On Friday, March 31, 2017 at 4:21:51 AM UTC-4, Stephan Houben wrote:
>
> Hi all,
>
> FWIW, I also strongly prefer the Verbal Expression style and consider
> "normal" regular expressions to become quickly unreadable and
> unmaintainable.
>
> Verbal Expressions are also much more composable.
>
> Stephan
>
> 2017-03-31 9:23 GMT+02:00 Stephen J. Turnbull
> <turnbull.... at u.tsukuba.ac.jp <javascript:>>:
> > Abe Dillon writes:
> >
> > > Note that the entire documentation is 250 words while just the syntax
> > > portion of Python docs for the re module is over 3000 words.
> >
> > Since Verbal Expressions (below, VEs, indicating notation) "compile"
> > to regular expressions (spelling out indicates the internal matching
> > implementation), the documentation of VEs presumably ignores
> > everything except the limited language it's useful for. To actually
> > understand VEs, you need to refer to the RE docs. Not a win IMO.
> >
> > > > You think that example is more readable than the proposed
> transalation
> > > > ^(http)(s)?(\:\/\/)(www\.)?([^\ ]*)$
> > > > which is better written
> > > > ^https?://(www\.)?[^ ]*$
> > > > or even
> > > > ^https?://[^ ]*$
> > >
> > >
> > > Yes. I find it *far* more readable. It's not a soup of symbols like
> Perl
> > > code. I can only surmise that you're fluent in regex because it seems
> > > difficult for you to see how the above could be less readable than
> English
> > > words.
> >
> > Yes, I'm fairly fluent in regular expression notation (below, REs).

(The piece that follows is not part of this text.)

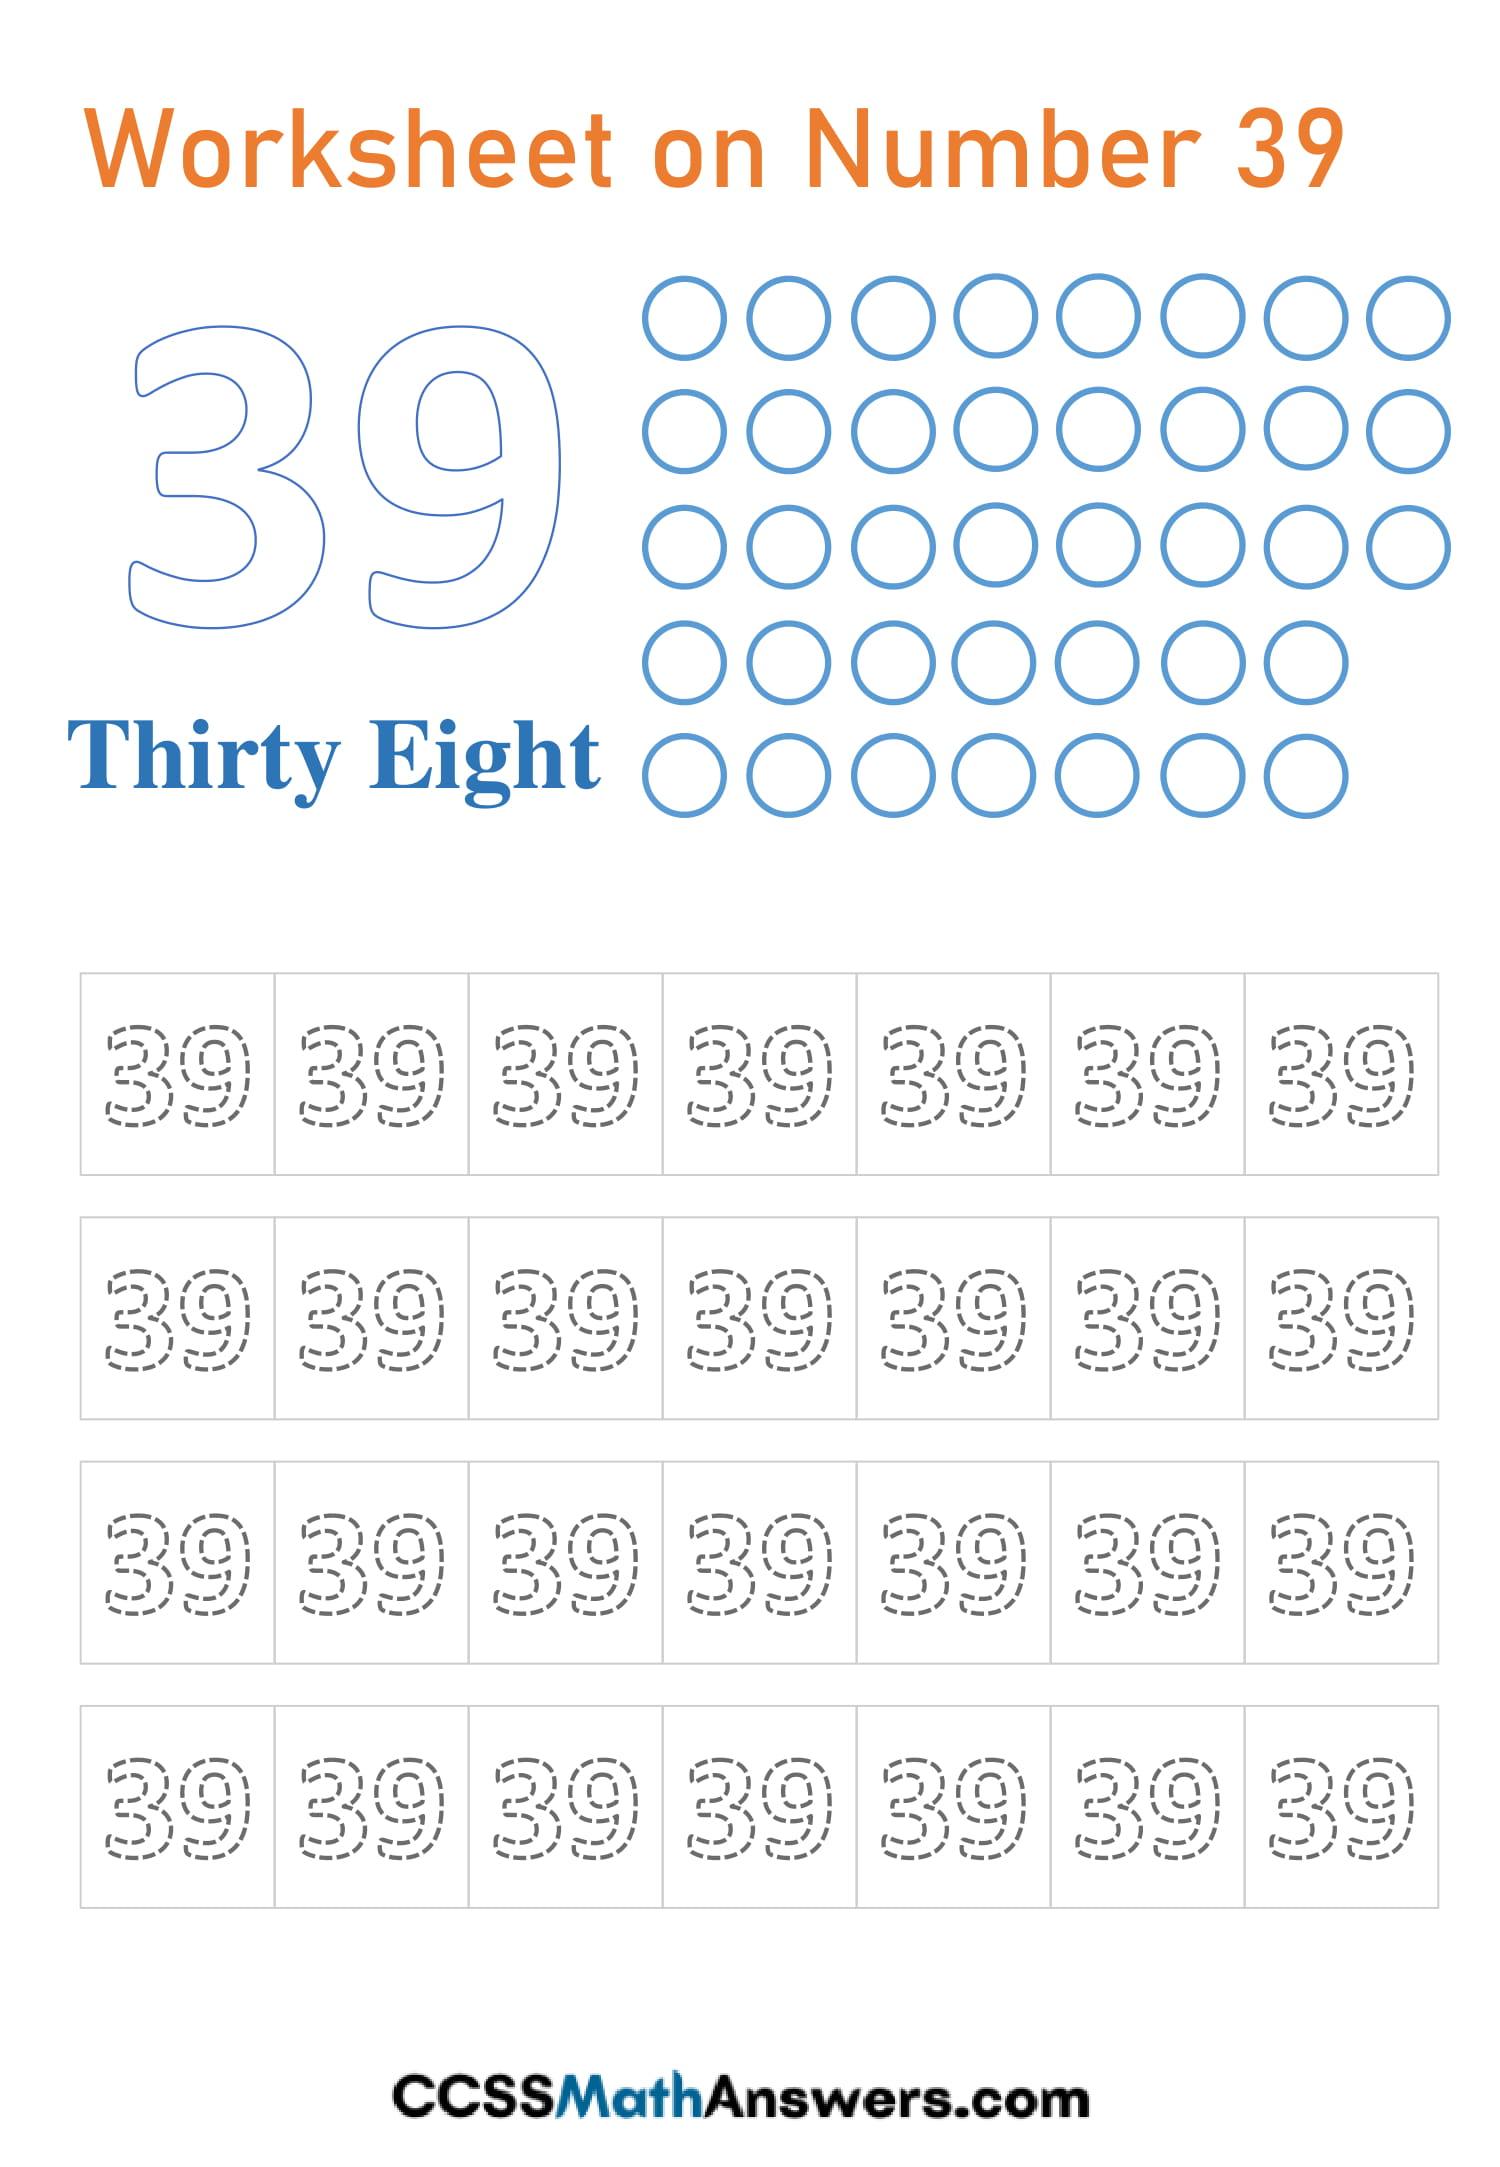 Number 39 Worksheet

> > I've maintained a compiler for one dialect.
> >
> > I'm not interested in the difference between words and punctuation
> > though. The reason I find the middle RE most readable is that it
> > "looks like" what it's supposed to match, in a contiguous string as
> > the object it will match will be contiguous. If I need to parse it to
> > figure out *exactly* what it matches, yes, that takes more effort.

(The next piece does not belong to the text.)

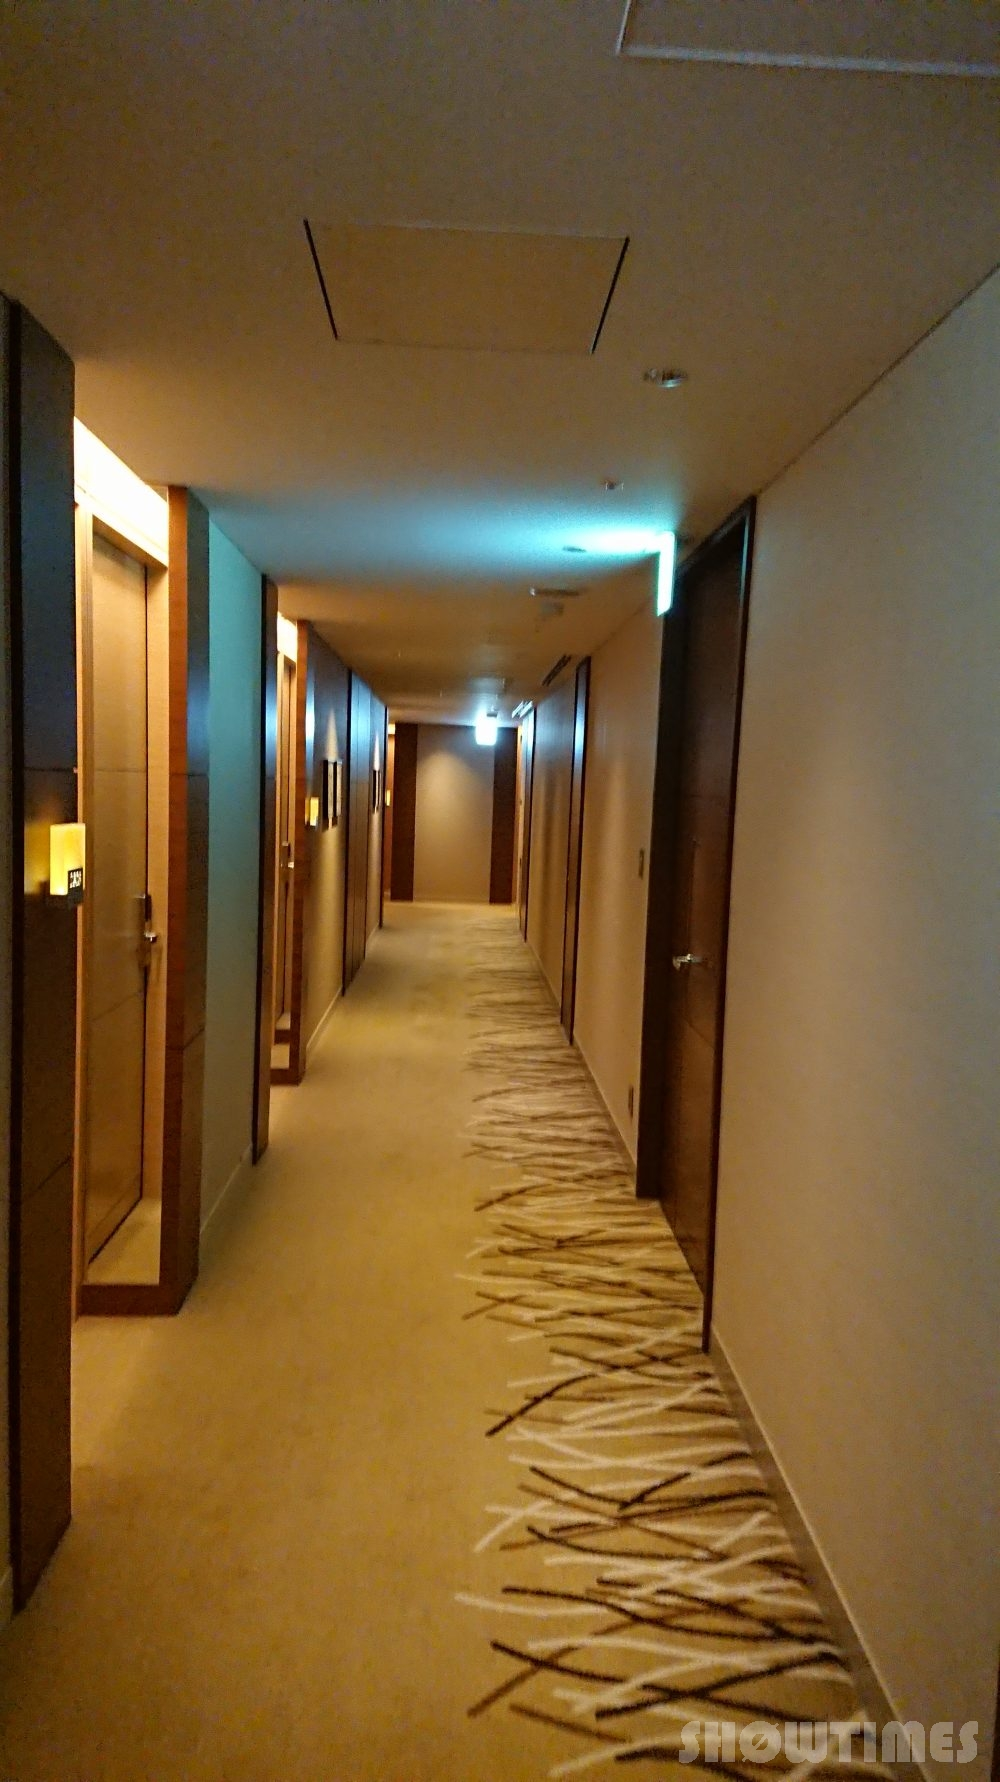 インターコンチネンタルホテル大阪の客室階廊下

> > But to understand a VE's semantics correctly, I'd have to look it up
> > as often as you have to look up REs because many words chosen to notate
> > VEs have English meanings that are (a) ambiguous, as in all natural
> > language, and (b) only approximate matches to RE semantics.
> >
> > > I could tell it only matches URLs that are the only thing inside
> > > the string because it clearly says: start_of_line() and
> > > end_of_line().
> >
> > That's not the problem. The problem is the semantics of the method
> > "find". "then" would indeed read better, although it doesn't exactly
> > match the semantics of concatenation in REs.
> >
> > > I would have had to refer to a reference to know that "^" doesn't
> > > always mean "not", it sometimes means "start of string" and
> > > probably other things. I would also have to check a reference to
> > > know that "$" can mean "end of string" (and probably other things).
> >
> > And you'll still have to do that when reading other people's REs.
> >
> > > > Are those groups capturing in Verbal Expressions? The use of
> > > > "find" (~ "search") rather than "match" is disconcerting to the
> > > > experienced user.
> > >
> > > You can alternately use the word "then". The source code is just
> > > one python file. It's very easy to read. I actually like "then"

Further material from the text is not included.